(1.) This appeal arises out of a suit for arrears of rent. The plaintiff claimed interest on the arrears of rent at the rate of 150 per sent, per annum. The Courts below disallowed the high rate of interest on the ground that it was exorbitant and awarded damages at 25 per sent. The land was held under a lease for a term of three years from Magh 1285 to Pous 1288. The lease expired before the passing of the Bengal Tenancy Act; there was no fresh lease and the tenant was holding over.
(2.) There is divergence of judicial opinion upon the question as to the effect of holding over. In the case of Kishore Lal Dey V/s. The Adminsitrator-General of Bengal 2 C.W. N. 303. Ghose and Wilkins, JJ., were of opinion that when a tenant holds over, after the expiration of his lease, he does so on the terms of the lease, on the same rent and on the same stipulations as are mentioned in the lease until the parties come to a fresh settlement; that there is no general rule of law to the effect that the lease of an agricultural tenant in this country who holds over, must be taken as renewed from year to year, and that if any contract is to be implied, it should be taken to have been entered into so noon as the term of the lease expired rather than at the beginning of each year. In that case the suit was brought on the basis of a kabuliyat which was for a term of five years, the interest stipulated to be paid was 75 per sent, and the lease expired before the passing of the Bengal Tenancy Act. The learned Judges held that the tenant was bound to pay interest at the rate stipulated in the kabuliyat, and that the tenancy was unaffected by the provisions of the Bengal Tenancy Act. On the other hand, in the Case of Administrator General of Bengal V/s. Asraf Ali 28 C. 227 a contrary view was taken. There also, the land was held by an agricultural tenant under a lease for a term of six years, which expired in 1881; the tenant had been holding over ever since, and the rate of interest specified in the lease was 75 per cent, per annum, The landlord sued for rent for the years 1893 to 1895 and part of (sic) with interest at the rate specified in the lease. It was held that under the provisions of the Bengal Tenancy Act, the plaintiff could not recover interest at a rate higher than 12 per cent. per annum and that when an agricultural tenant holds over, his tenancy is renewed from year to year.
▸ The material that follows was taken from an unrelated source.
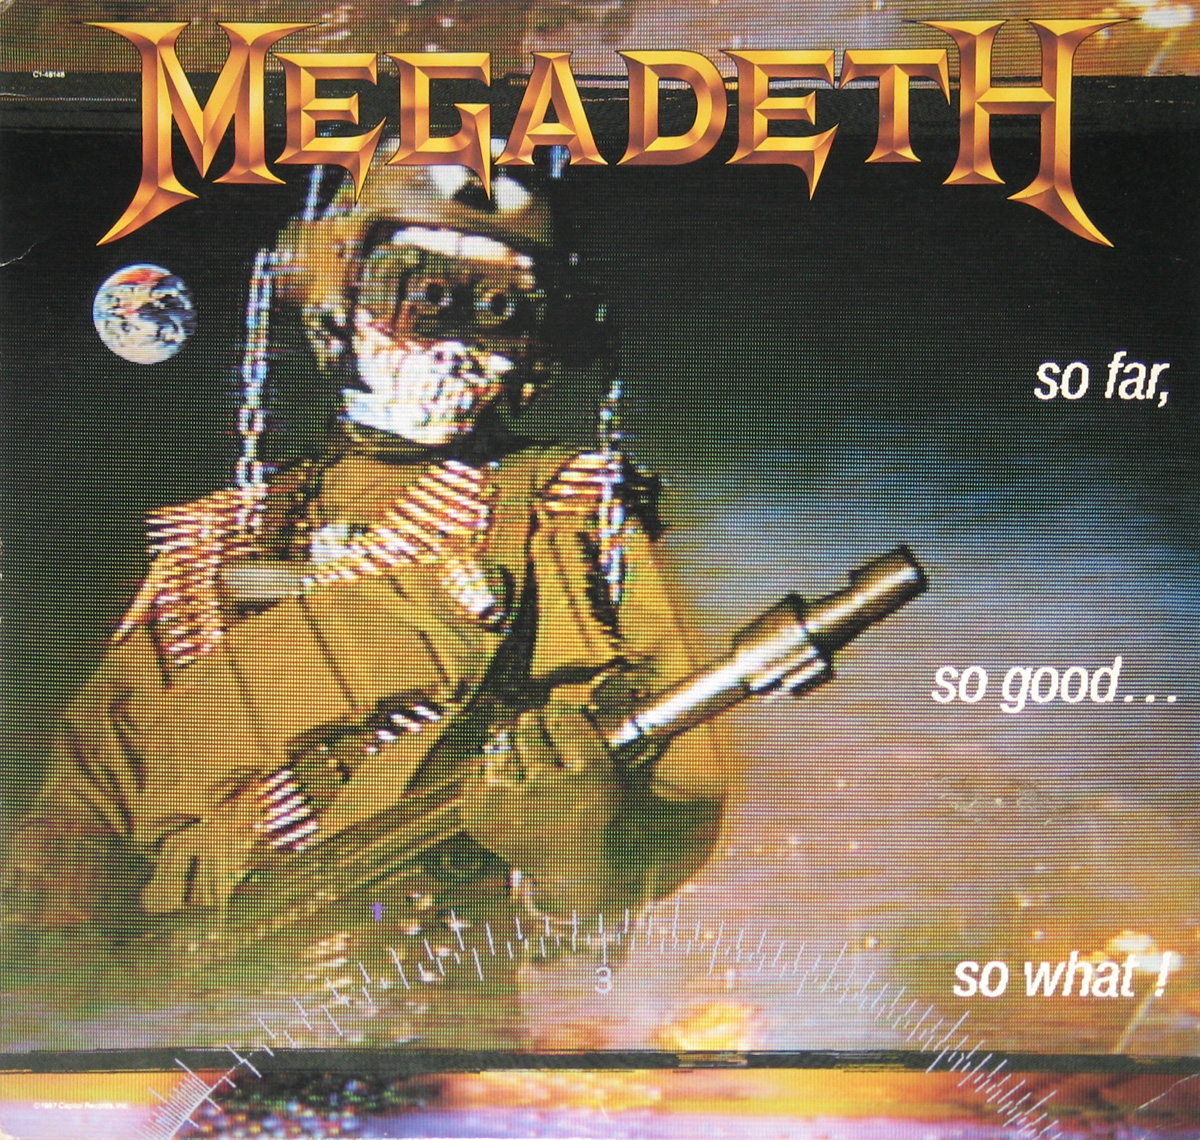 High Resolution Photo Megadeth So Far So Good So What ( USA Release ) Vinyl Record

(3.) Ameer Ali and Brett, JJ., in deciding the case referred to a number of cases including the case of Kishore Lal Dey V/s. The Administrator-General of Bengal 2 C.W. N. 303. and also to Ali Mamud Pramanick V/s. Bhagabati Debya 2 C.W.N. 525. where it was held by Rampini and Henderson, JJ., that where a tenant was holding over on the expiration of a lease which had been exesuted before the passing of the Tenancy Act, but which expired after it came into force, the landlord was not entitled to interest beyond that provided by Section 67 of the Act. Ameer Ali and Brett, JJ., observed that a distinction had been drawn between the latter case and that of Kishore Lal Dey V/s. The Administrator-General of Bengal 2 C.W. N. 303. on the ground that the lease had expired after the Tenancy Act came into operation, but that fact did not appear to them to affect the general principle, Then the learned Judges, referring to the decision in the case of Kishore Lal Dey V/s. The Administrator-General of Bengal 2 C.W. N. 303. that a tenant who holds over with the consent of the landlord does so upon the same conditions as those set out in his time expired lease, and that if any contract is to be implied, as contended for on behalf of the appellants, it should be taken to have been entered into so soon as the term of the lease expired rather than at the beginning of each year, "observed:" If this means that the implied contract is for the same term of years as in the lease (of course it could not be for an indefinite period), we venture to think the correctness of the dictum is open to Question. We consider that when an agricultural tenant holds over his tenancy is from year to year." There appears, therefore, to be some conflict between these two cases.